Living with Multiple Sclerosis

My story isn't like others, very few are the same. However, I never struggled with any symptoms leading up to my initial flare-up and ultimately my diagnosis. I had never had tingling, weakness, issues with my vision going blurry, pain, none of it.

I had in the year preceding the main event had a beautiful daughter, become determined and succeeded in losing a ton of weight to be the most healthy I could to be able to keep up with her. I had built an amazing tribe of people around me and we lifted each other as we worked out hard, hiked high mountains and ran crazy obstacle course races.

In August of 2019, I traveled to Texas for a work trip. I remember posting on Facebook, that it's 112 degrees here, far too hot for this New England native. I was there for a week and flew home, and did a hike up a mountain in Massachusetts with a workgroup and their families including my daughter. I felt great, as always.

The following day was a Sunday, a day of rest. I was laying on the couch, watching TV having a lazy day. I went to stand up to get more snacks and all of a sudden from my chest down felt numb and tingly all over. Like when your foot falls asleep but much worse. I tried to 'walk' or hobble it off, but it didn't go away. I wasn't very concerned and thought perhaps on the flight I may have sat too long and then pushed my legs to hike and my nerves were just misfiring.

I went the week, swimming, doing light yoga, trying to get, what I thought was a pinched nerve, to go away or fix itself. It didn't so I of course, called my primary care physician. When I went in for the appointment she definitely showed concern as we have paid very close attention to my body in the past few years through my weight loss and as she described, knew my body and it was a well-oiled machine, if it wasn't performing it's something, something not ideal happening.

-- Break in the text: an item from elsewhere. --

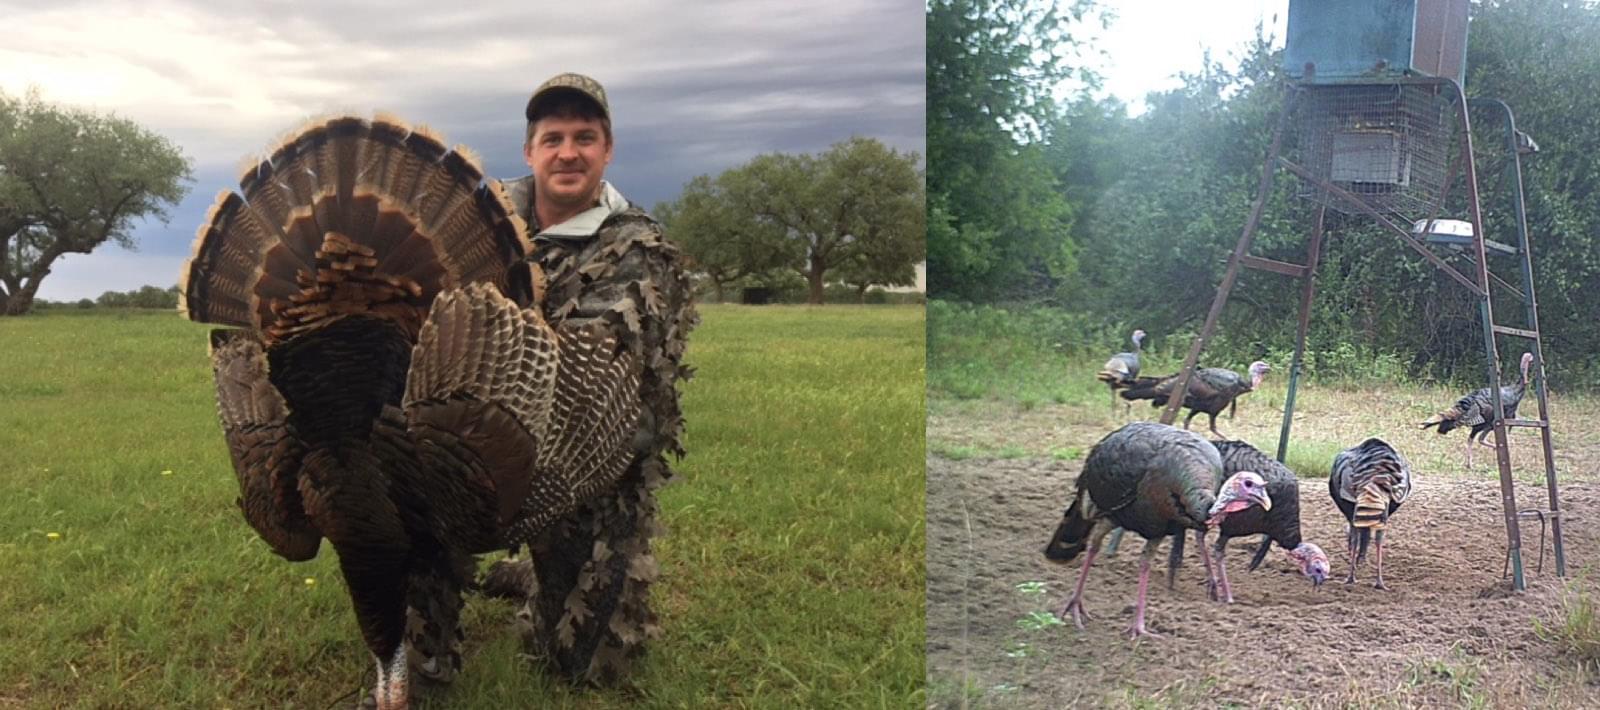 South Texas Free Range Turkey Hunting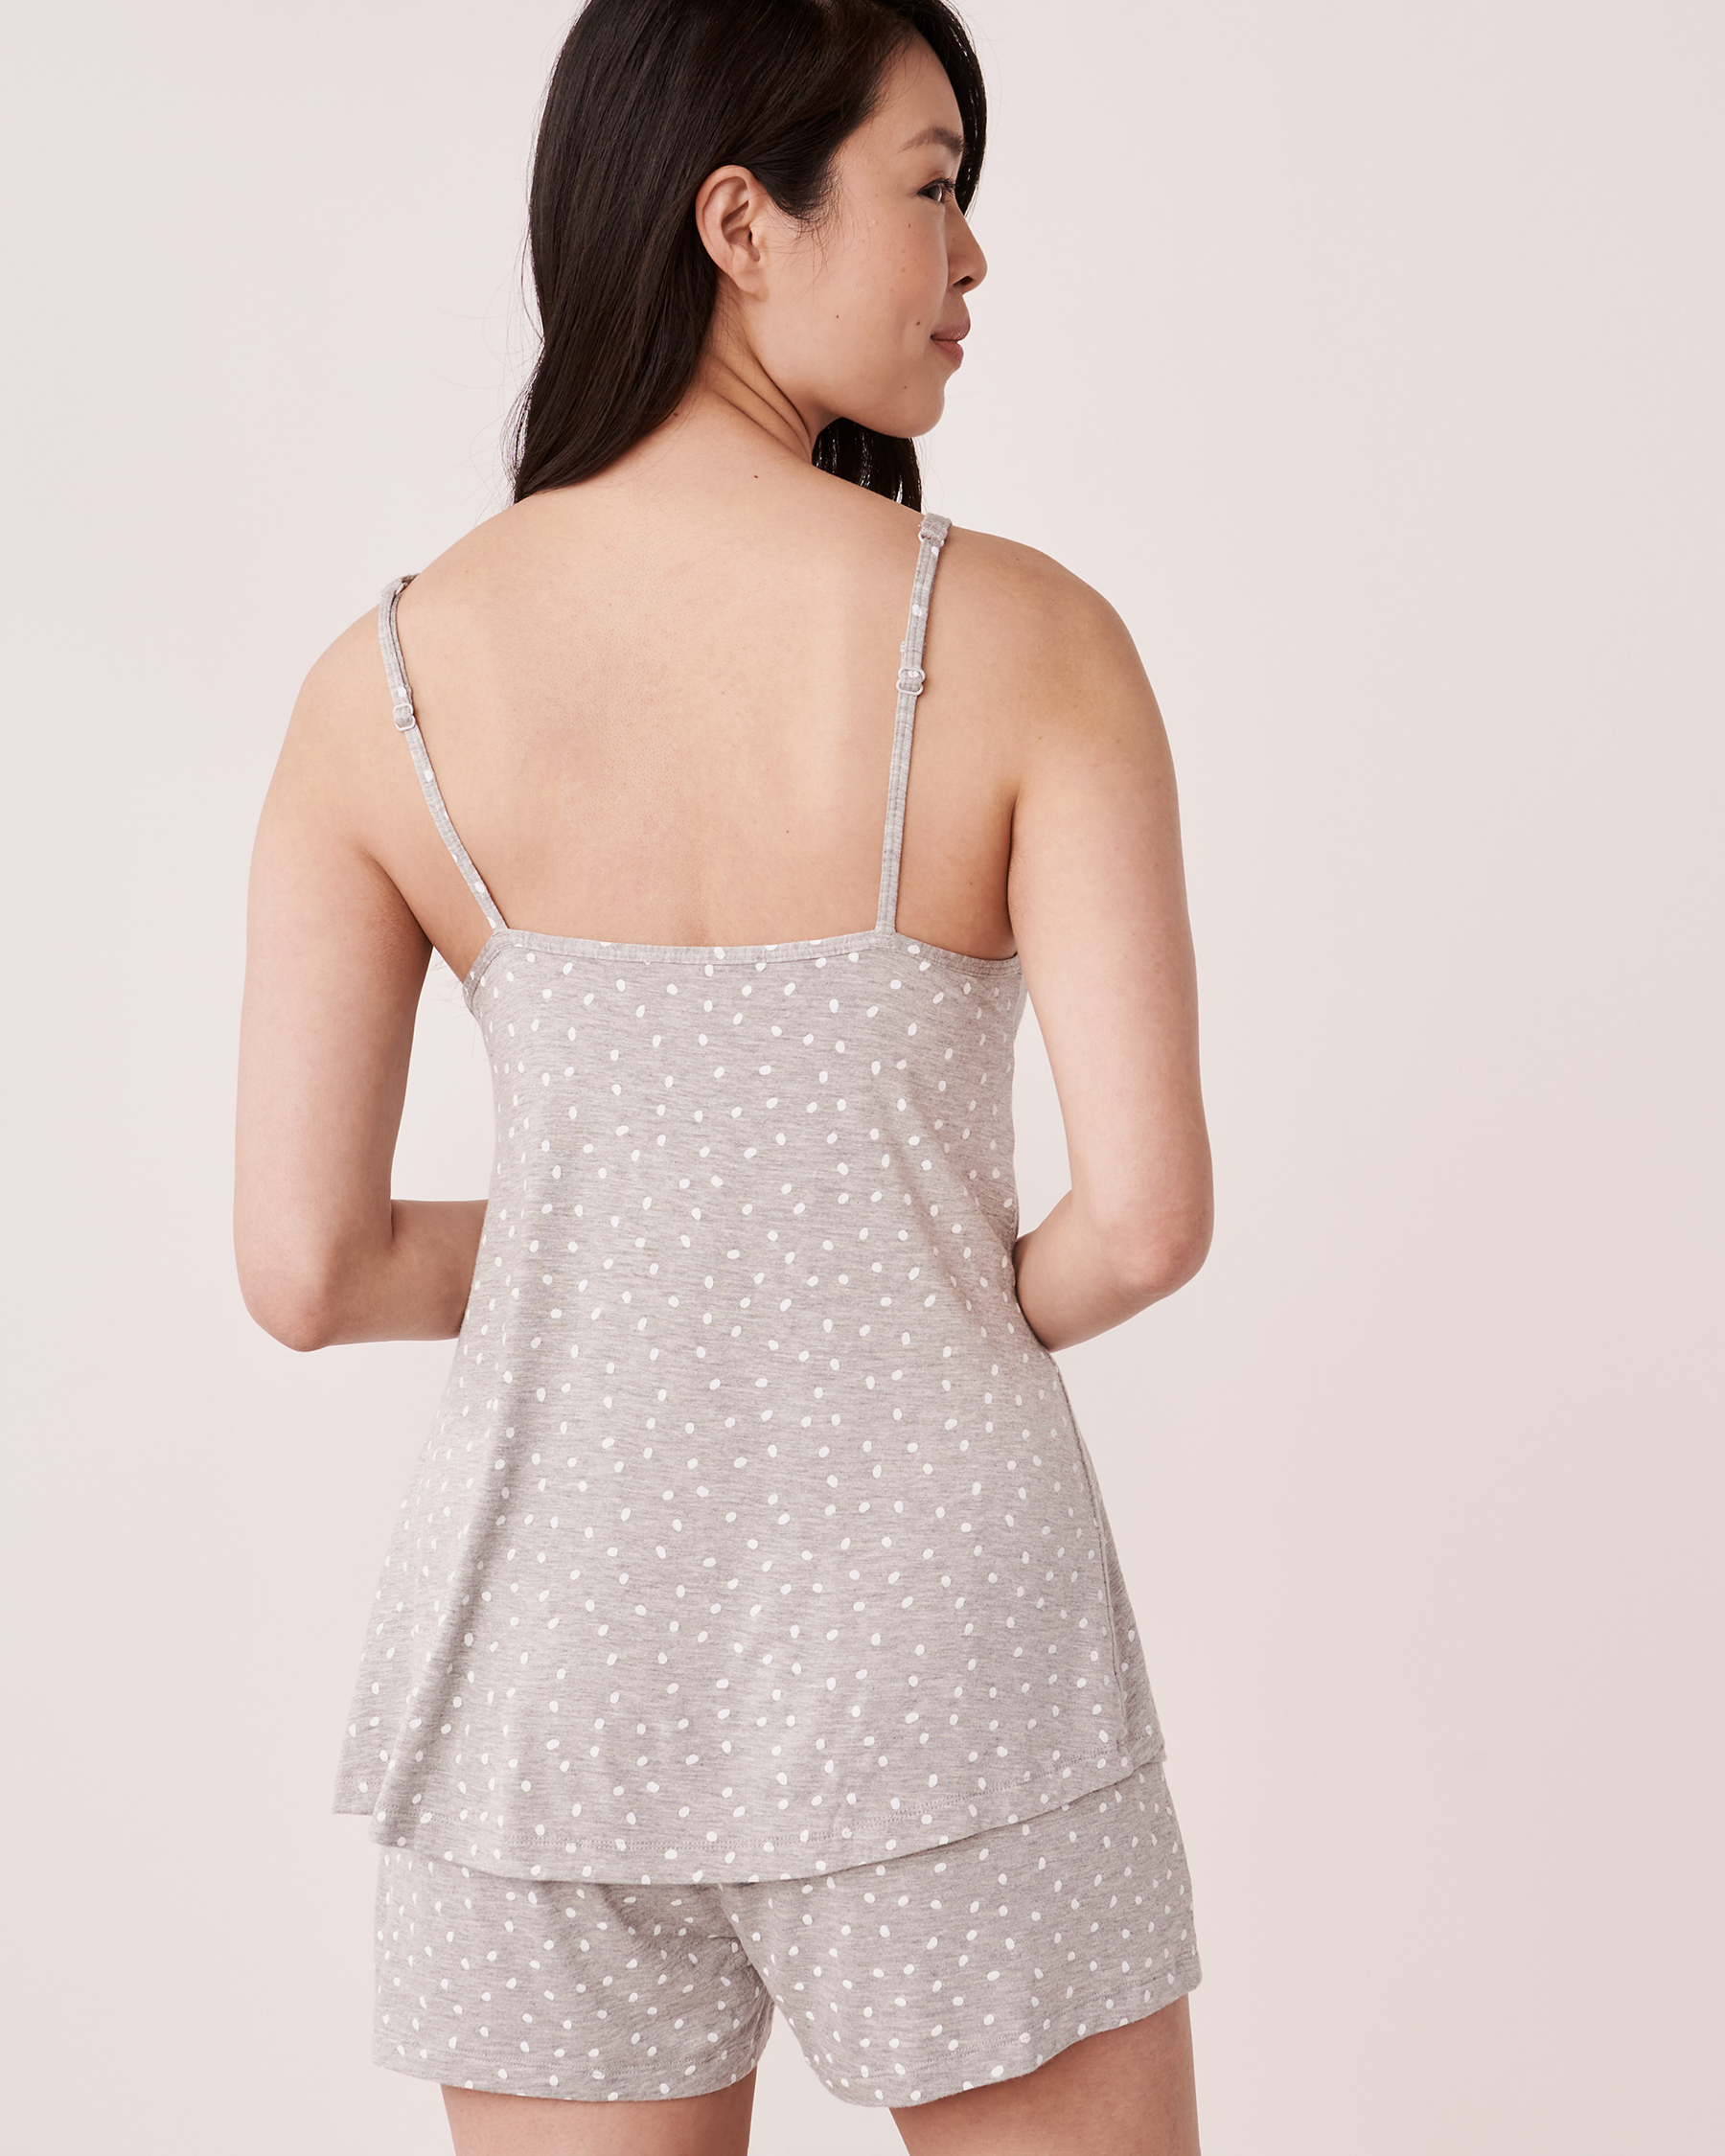 LA VIE EN ROSE Soft Knit Jersey Cami Grey dots 40100298 - View2

She immediately sent for a full Lyme panel as I am in the woods all the time hiking and even though very thorough and regular with my tick prevention and checks, it could be Lyme Disease. The other two things she thought it could be needed MRIs and it was either Lupus or Mulitple Sclerosis. I smirked and was like, um no chance. I have none of those in my family. Simply total disbelief and that we should be looking for other things.

She nonetheless ordered a full MRI panel of my brain, cervical and thoracic spine. I had my cervical and thoracic scheduled for one day and my brain scheduled for the following day. I had just walked in the door from the first set of MRIs, which was of the cervical and thoracic and the phone rang. When I answered it was my PCP and I will never forget the words that followed, "I am so sorry Sarah, but it looks like you have severe demyelination at your T2, this would explain why you are numb from the chest down, your nerve has been exposed significantly at that point and everything below it will be affected."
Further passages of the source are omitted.